The Swedish company said it would aim to boost operating margin to 25 percent in 2015 from an underlying 18.4 percent last year while lifting sales to an annual 3.5 billion euros ($5.11 billion) from 1.48 billion euros in 2010.
"We call the plan 35-25-15," Chief Executive Ola Rollen told reporters. "That is, 3.5 billion euros in turnover, 25 percent operating margin in 2015, and that is at an annual pace."
The new targets for the group, which sells under brands such as Leica Geosystems as well as its own name, compared with average market expectations in a Reuters survey for a margin goal of 25 percent in 2014 and sales of 3.36 billion euros.
The new goals were rolled out in the wake of last year's acquisition of U.S. software firm Intergraph, Hexagon's biggest-ever purchase, which left it set to ease past previous targets for a 20 percent margin and 20 billion crowns ($3.25 billion) in sales this year.
A steady flow of acquisitions and strong organic growth have underpinned a rise in Hexagon's market capitalization in recent years and saw it win a place in the Stockholm bourse's blue-chip benchmark index <.OMXS30> as of this month.
SYNERGIES AHEAD OF PLAN
Hexagon is market leader in a specialized sector straddling software and engineering hardware and where rivals such as U.S. Trimble Navigation <TRMB.O> have also been on the acquisition trail, making an agreed bid for Finland's Tekla <TLA1V.HE> last month.

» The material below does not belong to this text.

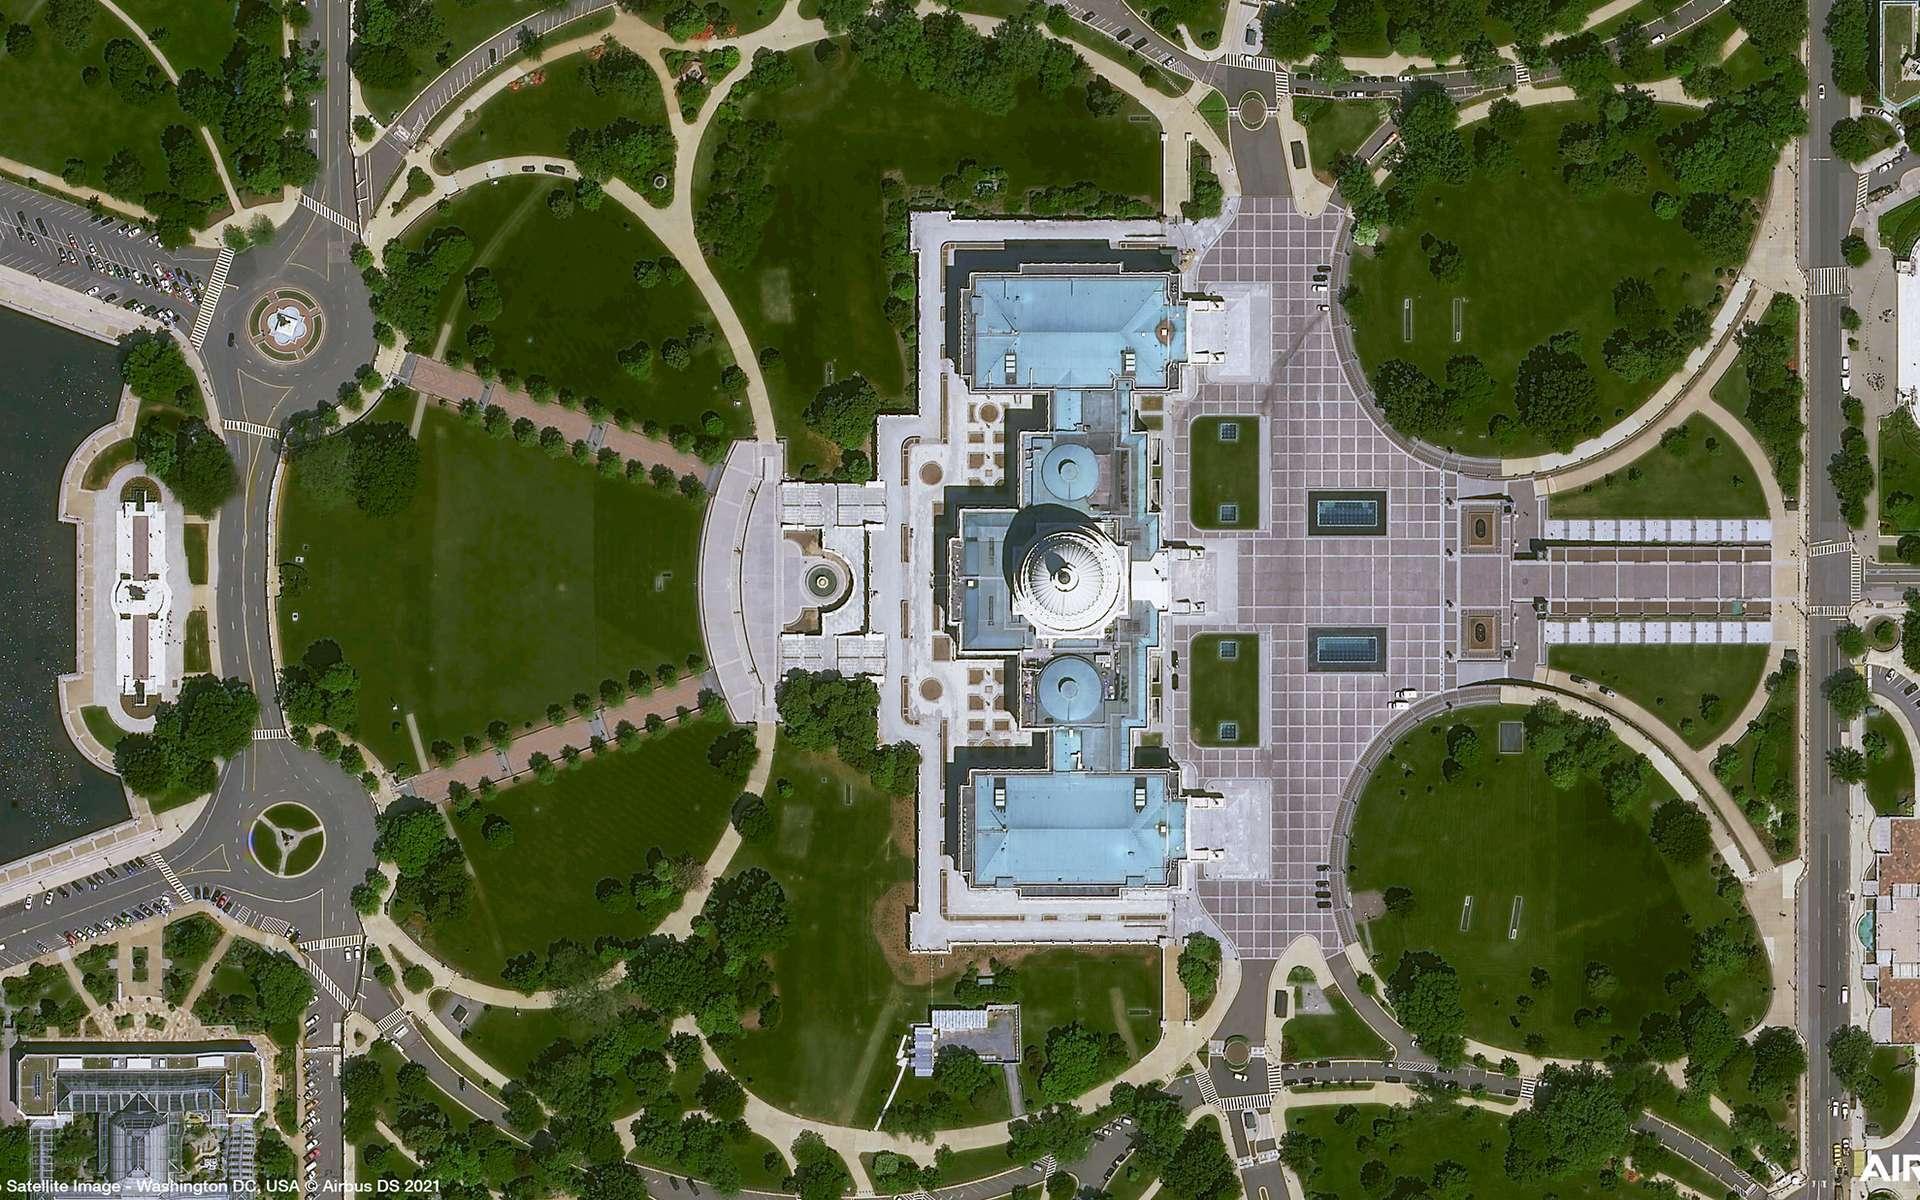 Le Capitole, siège du congrès américain, situé à Washington DC. Cette image est une des cinq « premières images » acquises par le satellite Pléiades Neo 3 d'Airbus. © Airbus DS 2021

Rollen said the integration of Intergraph was creating vast business opportunities that underpinned the new financial targets, as was a base-case scenario of continued market growth at the historic average of 8 percent per year.
In the base-case scenario of firm market growth, the focus would be on lifting sales organically with only some minor add-on acquisitions, Rollen said.
"This does not rule out additional acquisitions, but they will not be as prominent as organic growth under this plan," he said. "We are talking about small to medium-sized acquisitions with less than $100 million in turnover."
"We will finance these acquisitions via our own cash flow."
Rollen also said the company, whose stock has gained about 90 percent over the past year, would be looking to sell its non-core operations, grouped in the Other Operations segment, sometime during the period through to end-2015.
"The level of ambition here is a shade higher than what the market was looking for," said a Sweden-based analyst who asked not to be identified. "But it is hard to say whether it will be positive enough ... the stock has been doing quite well over the past ten days."
However, if markets suffered a sharp decline, for instance due to weaker development stemming from a public debt-laden eurozone, Hexagon would still stick to its new targets but reach them in part through one or more major acquisitions, he added.
"If you can't grow your own business, then it is a good time to buy somebody else's," Rollen said.
In the shorter term, Rollen said that market growth this year was expected to run in double digits amid strong growth in emerging markets and a continued recovery in mature markets in North America and Europe.
Cost synergies from the acquisition of Intergraph were also running ahead of plan, Rollen said. This meant the group should hit $40 million in cost synergies in the fourth quarter compared with a previous target of $30 million this year, he said.